• [What is expected]: An exact copy of all the data below is needed, without its pictures.

• [Data provided]:
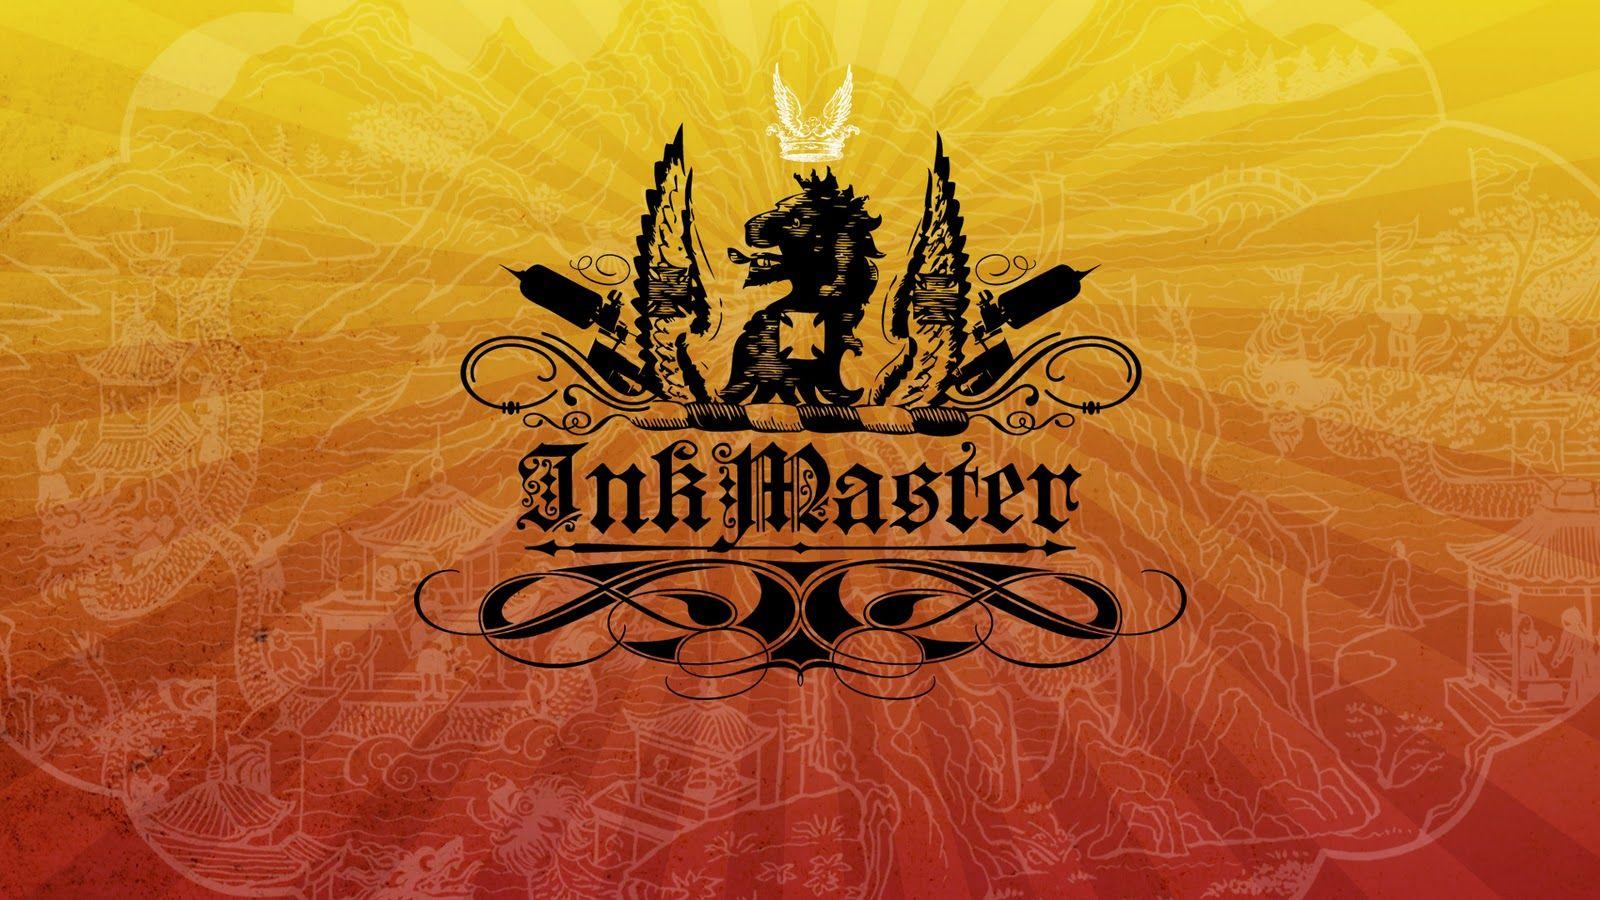 Ink Master Logo - Inkmaster - Style Frames. Lin Wilde Design
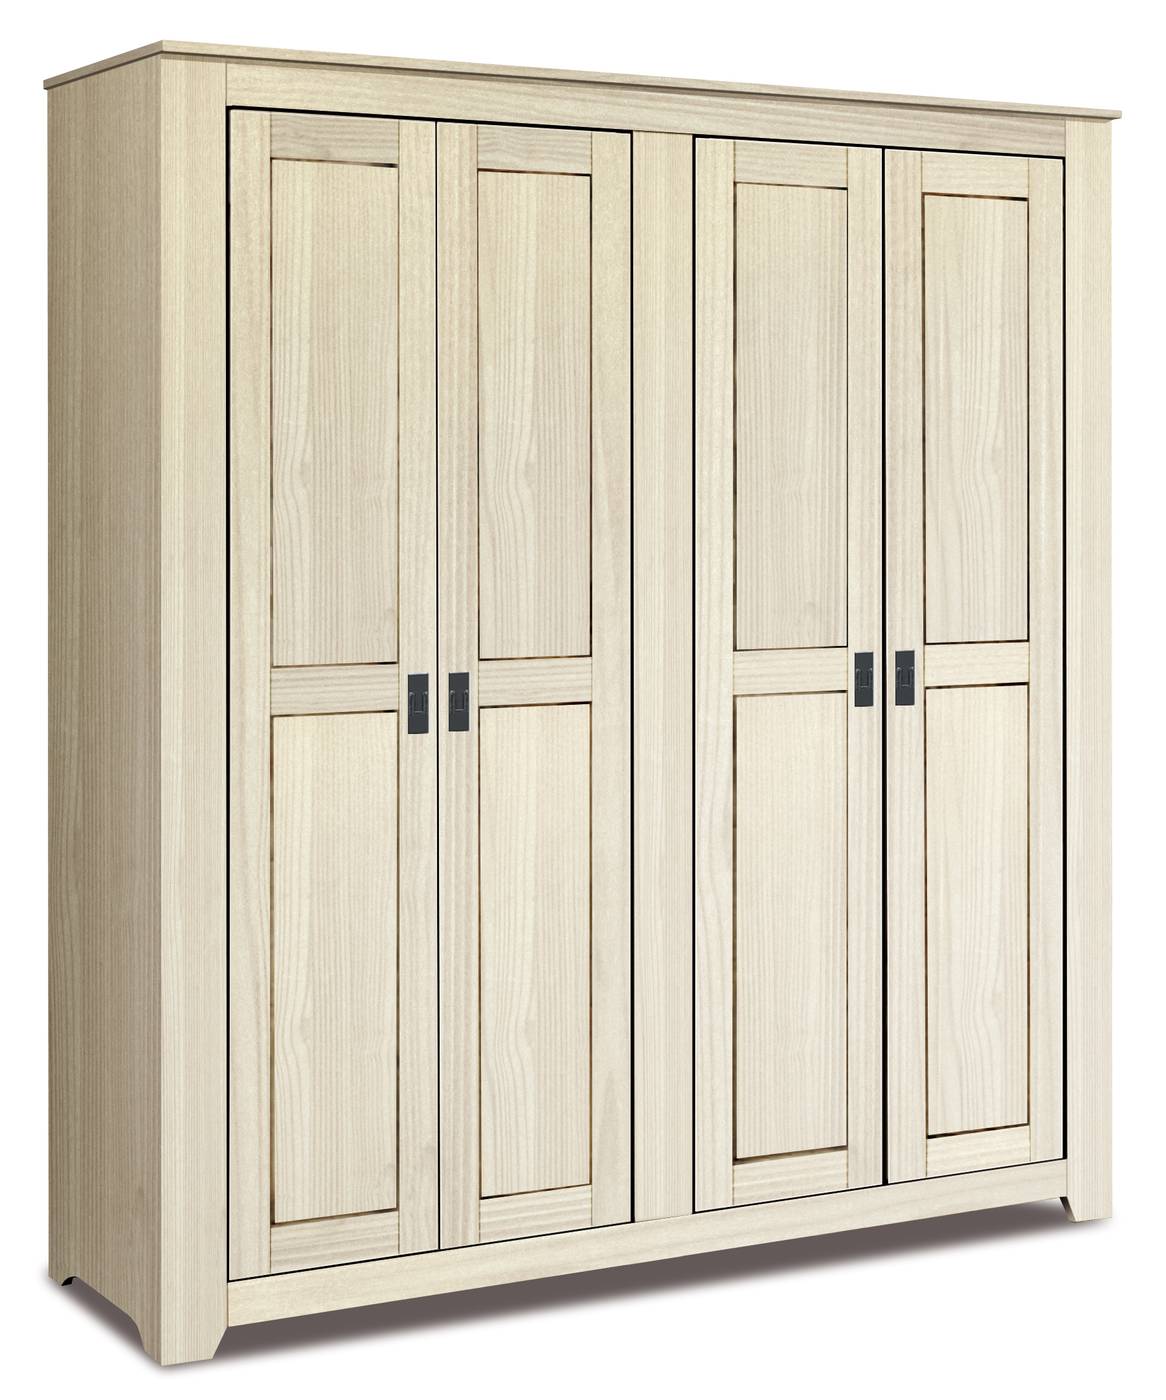 Armario de madera maciza de 4 puertas color blanco lavado
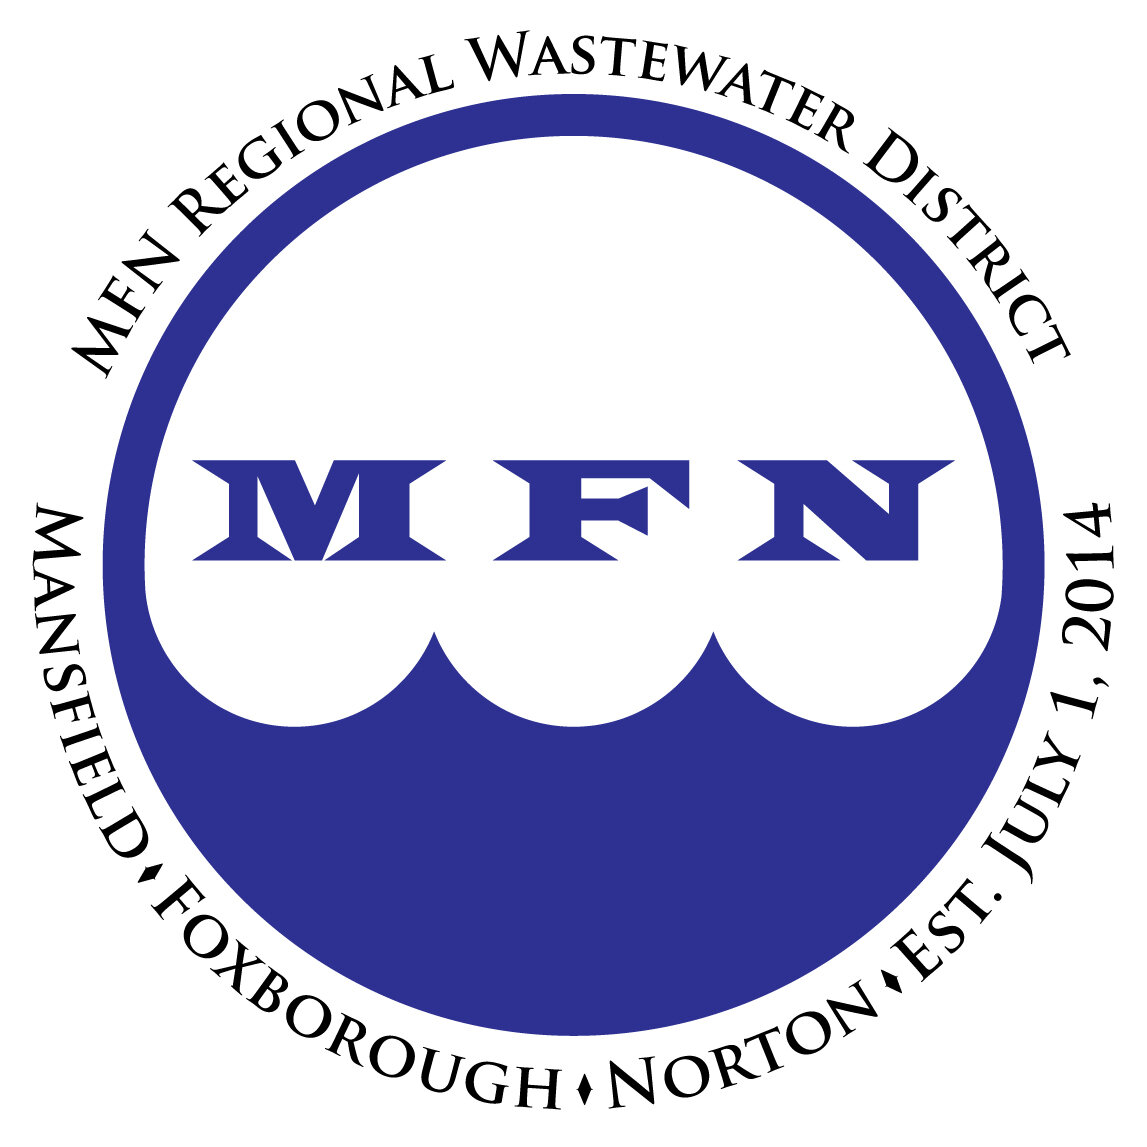 MFN Regional Wastewater District
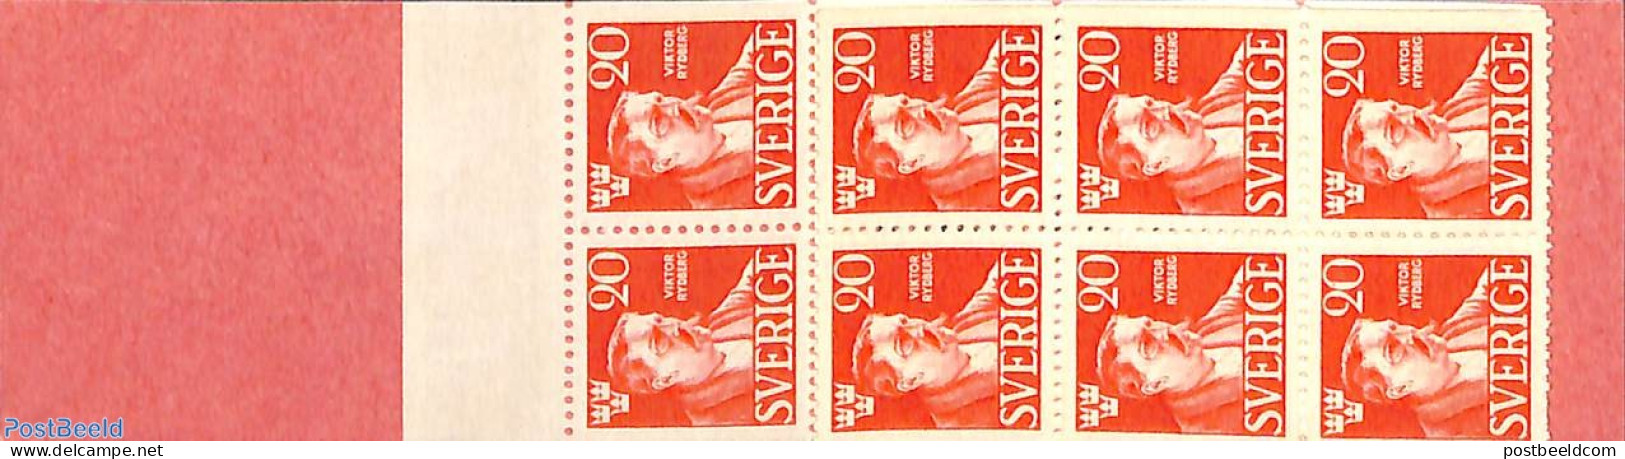 Sweden 1945 Viktor Rydberg Booklet, Mint NH, Stamp Booklets - Art - Authors - Unused Stamps

• [Output for this exercise]:
 Ink Master Logo - Inkmaster - Style Frames. Lin Wilde Design
 Armario de madera maciza de 4 puertas color blanco lavado
 MFN Regional Wastewater District
 Sweden 1945 Viktor Rydberg Booklet, Mint NH, Stamp Booklets - Art - Authors - Unused Stamps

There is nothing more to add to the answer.